1 Ethical Blindness of the Elites

The term elite is often used loosely, but here we adopt a precise and structural definition. Elites are not merely individuals with high income or substantial assets. Rather, they are those who:

  1. Exercise disproportionate influence over the institutional architecture of capital flow and resource allocation;
  2. Actively or passively maintain policies and mechanisms that reproduce this asymmetry across time and context.

In this sense, elites function less as price-takers within a competitive system and more as price-makers—those who shape, define, and often insulate themselves from the very mechanisms that regulate others.

Standard economic models typically begin with the assumption of competitive markets, where no individual agent can significantly influence prices or systemic outcomes. But in practice, elites operate in a structurally non-competitive environment—one governed not by equal access or market-clearing forces, but by institutional design, asymmetrical privileges, and regulatory capture. They shape boundary conditions, institutional norms, informational flows, and legal architectures—determining which forms of capital, whether economic, symbolic, or algorithmic, receive reward or recognition.

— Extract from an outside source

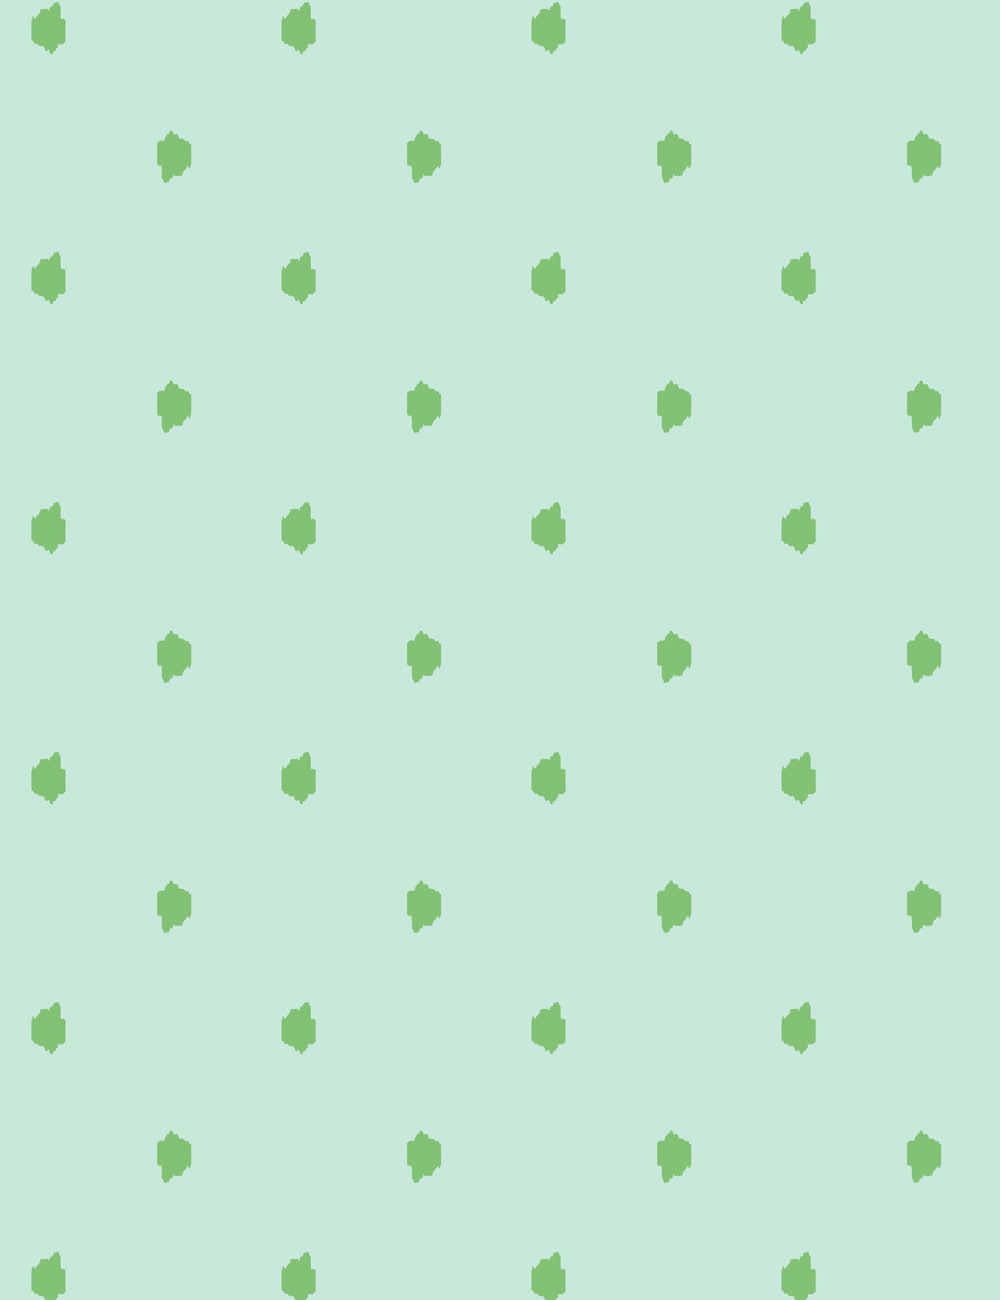 Download Cute Mint Green Aesthetic Wallpaper

What mainstream economics treats as an assumption—perfect competition—is, in practice, a privilege strategically denied to the many and tactically avoided by the few who benefit most from its rhetoric.

This produces a critical asymmetry: competition becomes a binding constraint for the majority, but a flexible and selectively applied instrument for the elite. They do not merely follow the rules—they define them. They do not merely navigate the system—they construct and preserve it in ways that ensure long-term advantage.

Mainstream economics often describes inequality in impersonal terms—as a byproduct of technological progress, market dynamics, or individual preferences. While such forces undoubtedly play a role, this perspective often underplays the degree to which inequality is a designed outcome: structured through policy choices, institutional incentives, and ideologically informed narratives. The locus of responsibility lies not in “the system” as an abstraction, but in those who benefit from and sustain its asymmetries.

This brings us to a deeper concern—not only the existence of exploitation, but the gradual erosion of ethical sensitivity to it. What was once considered morally questionable may, over time, come to be seen as natural, inevitable, or even virtuous. This quiet normalization of exploitative asymmetry echoes the dynamics of moral hazard, though in a structurally expanded and more diffuse form.

If we distinguish between systematic and idiosyncratic risk, the elite can be seen as minimizing their personal exposure—maximizing economic rents—while amplifying systemic risks that are collectively absorbed. Insulation from loss does not eliminate risk; it simply redistributes it—often downward.

In classical models, moral hazard arises when agents take excessive risks because they do not bear the full consequences—typically due to asymmetric information or externalized insurance. The risk in question refers to the downside exposure that would ordinarily discipline a decision-making agent, but is shifted to another party, often through informational opacity or legal insulation.

In elite-driven inequality, the asymmetry lies not only in information, but in systemic unaccountability—a diffuse condition in which responsibility is diluted through complexity, obscured through bureaucracy, or excused through ideology. Elites benefit from structural advantages—preferential access to capital, institutional insulation, and regulatory leniency—while often remaining largely immune to the collective costs those privileges generate.

They bear only the virtual risk of systemic failure, while the real cost is distributed socially.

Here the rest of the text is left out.